= Digital pattern generator =

Electronic test equipment that generates digital stimuli

A digital pattern generator is a piece of electronic test equipment or software used to generate digital electronic stimuli. Digital electronics stimuli are a specific kind of electrical waveform varying between two conventional voltages that correspond to two logic states ("low state" and "high state", "0" and "1"). The main purpose of a digital pattern generator is to stimulate the inputs of a digital electronic device. For that reason, the voltage levels generated by a digital pattern generator are often compatible with digital electronics I/O standards – TTL, LVTTL, LVCMOS and LVDS, for instance.

Digital pattern generators are sometimes referred to as "pulse generator" or "pulse pattern generator" which may be able to function as digital pattern generators as well.

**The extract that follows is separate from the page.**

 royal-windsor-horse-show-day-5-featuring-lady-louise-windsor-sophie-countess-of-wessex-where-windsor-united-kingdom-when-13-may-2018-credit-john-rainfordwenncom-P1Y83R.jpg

Hence, the distinction between the two types of equipment may not be clear. A digital pattern generator is a source of synchronous digital stimulus; the generated signal is interesting for testing digital electronics at the logic level - this is why they are also called "logic source". A pulse generator is of purpose to generate an electrical pulse of different shapes; they are mostly used for tests at an electrical or analog level.
Another common name for such equipment is "digital logic source" or "logic source".

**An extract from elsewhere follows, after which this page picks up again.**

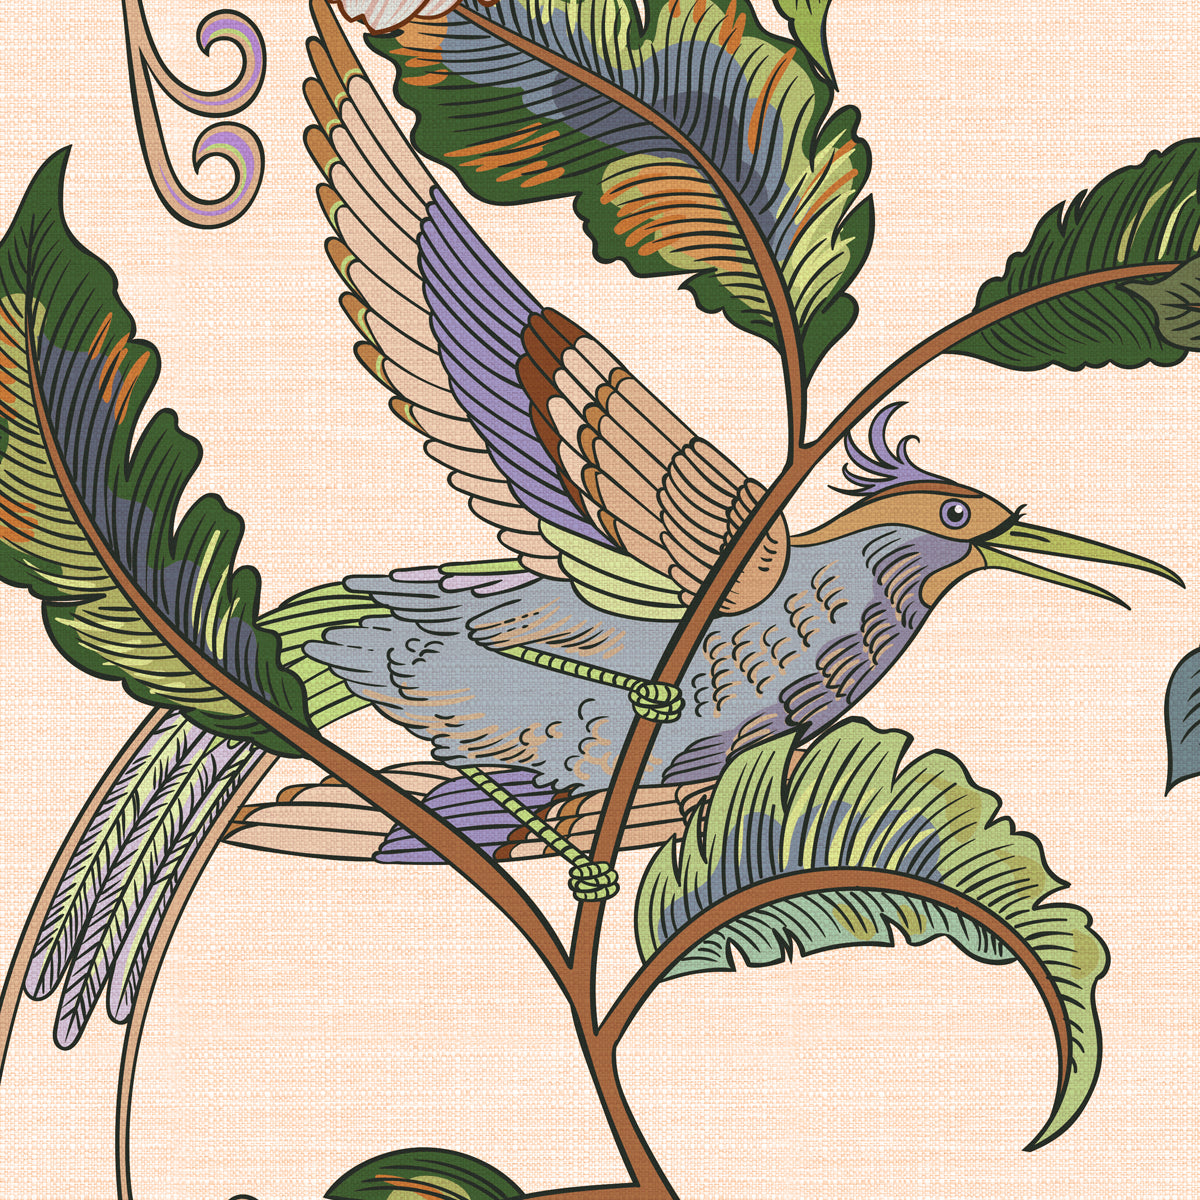 Seamless Tropical, Humming Bird, Floral Customised Wallpaper

Digital pattern generators can produce either repetitive, or single-shot signals in which case some kind of triggering source is required (internal or external).

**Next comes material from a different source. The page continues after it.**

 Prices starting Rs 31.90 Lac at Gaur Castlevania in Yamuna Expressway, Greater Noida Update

== Types of digital pattern generators ==
Digital pattern generators are today available as stand-alone units, add-on hardware modules for other equipment such as a [logic analyzer] or as PC-based equipment.

Stand-alone units are self-contained devices that include everything from the user interface to define the patterns that should be generated to the electronic equipment that actually generates the output signal.

Some test equipment manufacturers propose pattern generators as add-on modules for logic analyzers (see for example the PG3A module for Tektronix' TLA7000 series of logic analyzers or Hewlett-Packard 16520A/16522A modules for 16500-series of logic analyzers). In this case, the pattern generator is the "generation counterpart" to the analysis functionality offered by logic analyzers.

PC-based digital pattern generators are connected to a PC through peripheral ports such as PCI, USB, and/or Ethernet (see, for example, the "Wave Generator Xpress" from Byte Paradigm, connected through USB). They use the PC as a user interface for defining and storing the digital patterns to be sent.

== Features ==
Digital pattern generators are primarily characterized by a number of digital channels, a maximum rate and the supported voltage standards.
- The number of digital channels defines the maximum width of any pattern generated - typically, 8-bit, 16-bit, or 32-bit pattern generator. A 16-bit pattern generator is able to generate arbitrary digital samples on any number of bits from 1 to 16.
- The maximum rate defines the minimum time interval between 2 successive patterns. For instance, a 50 MHz (50 MSample/s) digital pattern generator is able to output a new pattern every 20 nanoseconds.
- The supported voltage standards ultimately define the set of electronic devices a digital pattern generator can be used with. Concretely, the voltages and the transition characteristics of the signal at the output of the digital pattern generator will be compliant to these voltage standards. Examples of supported voltage standards: TTL, LVTTL, LVCMOS, LVDS.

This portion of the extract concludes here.